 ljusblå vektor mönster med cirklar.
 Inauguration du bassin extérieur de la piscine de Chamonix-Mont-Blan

------------------------------------

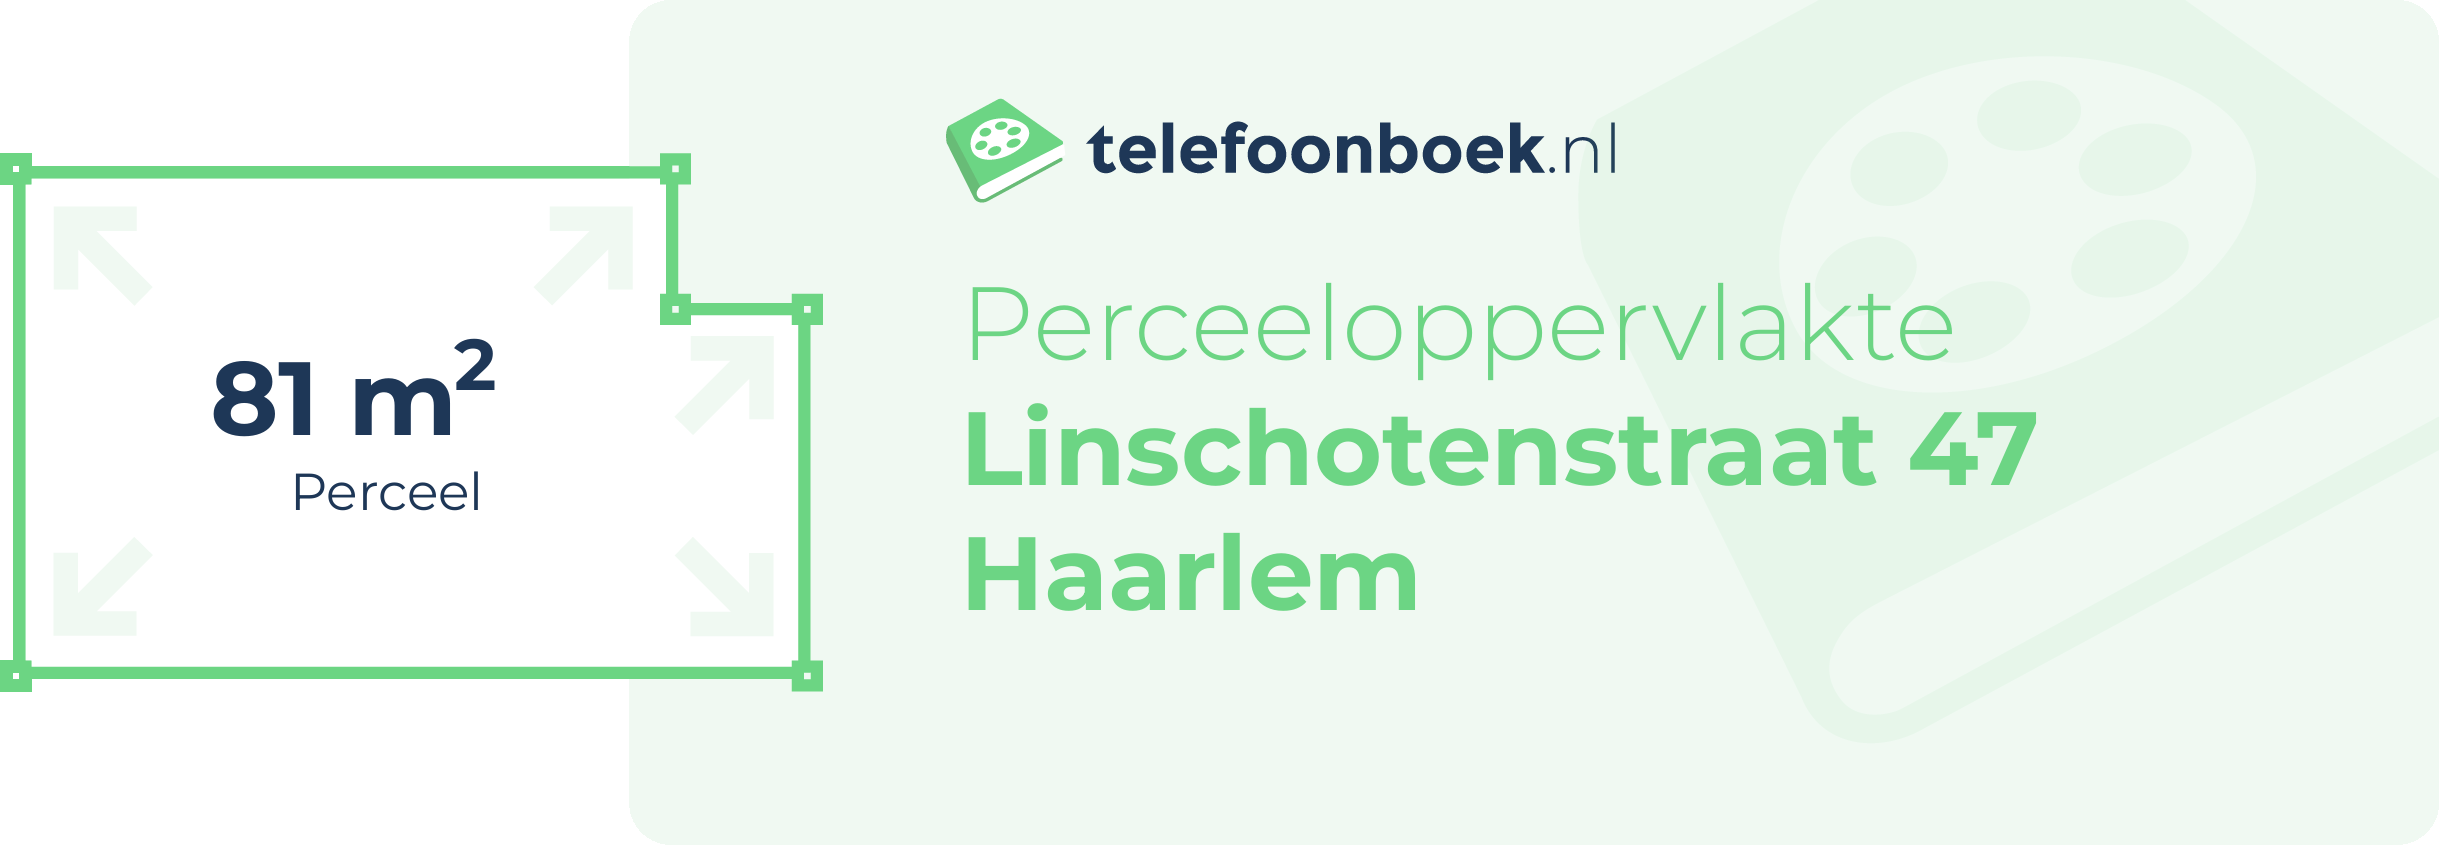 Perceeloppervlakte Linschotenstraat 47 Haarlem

------------------------------------

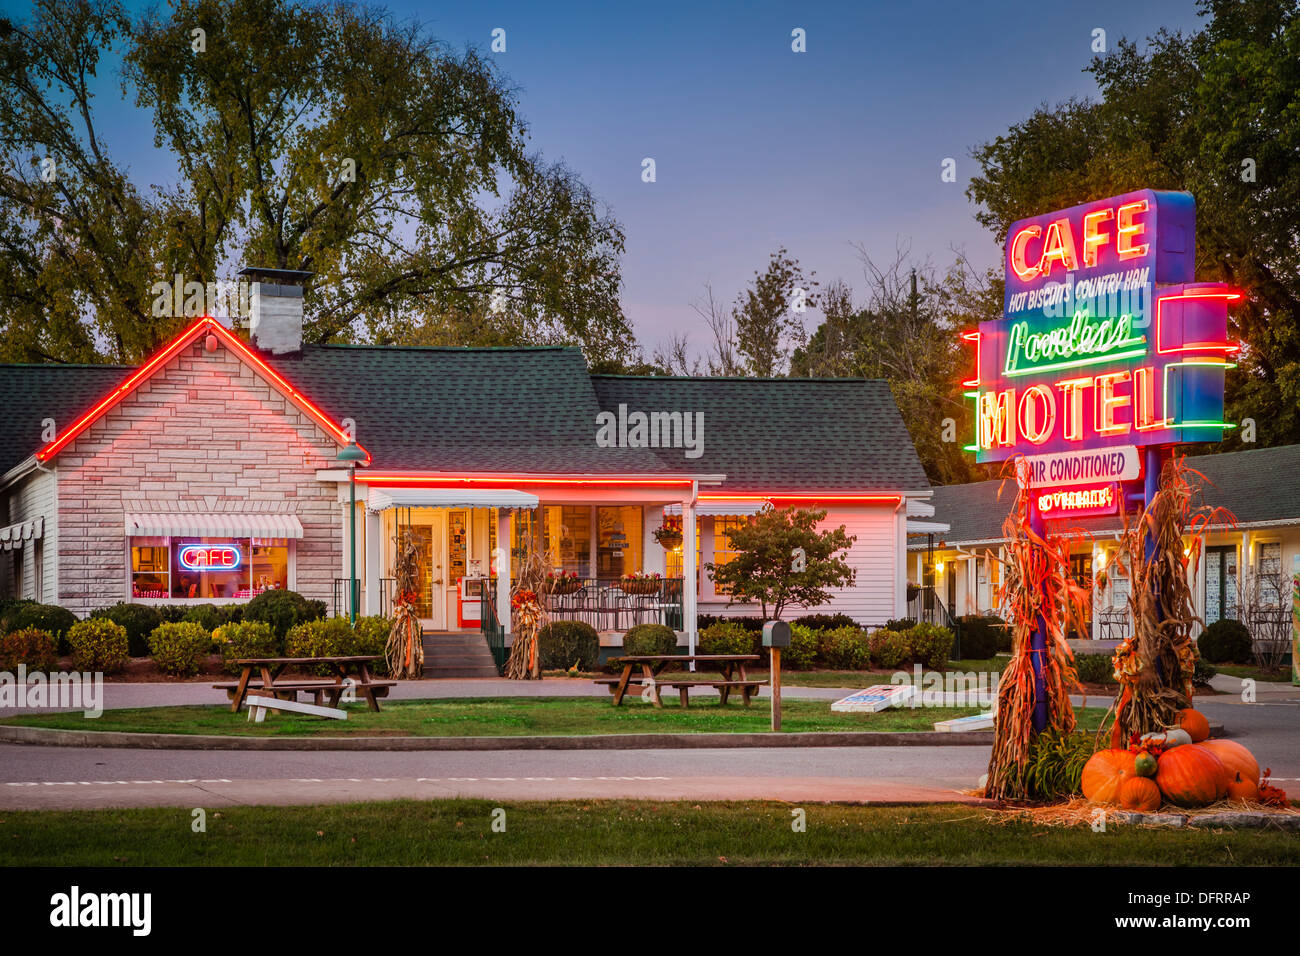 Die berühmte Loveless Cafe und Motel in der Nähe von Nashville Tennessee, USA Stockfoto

------------------------------------

■ **YOUR OBJECTIVE**
Using only the listing above, restate exactly the lines from the line containing "ljusblå vektor mönster med cirklar." through the line containing "Inauguration du bassin", both included.

■ **OUTPUT OF THE TASK**
 ljusblå vektor mönster med cirklar.
 Inauguration du bassin extérieur de la piscine de Chamonix-Mont-Blan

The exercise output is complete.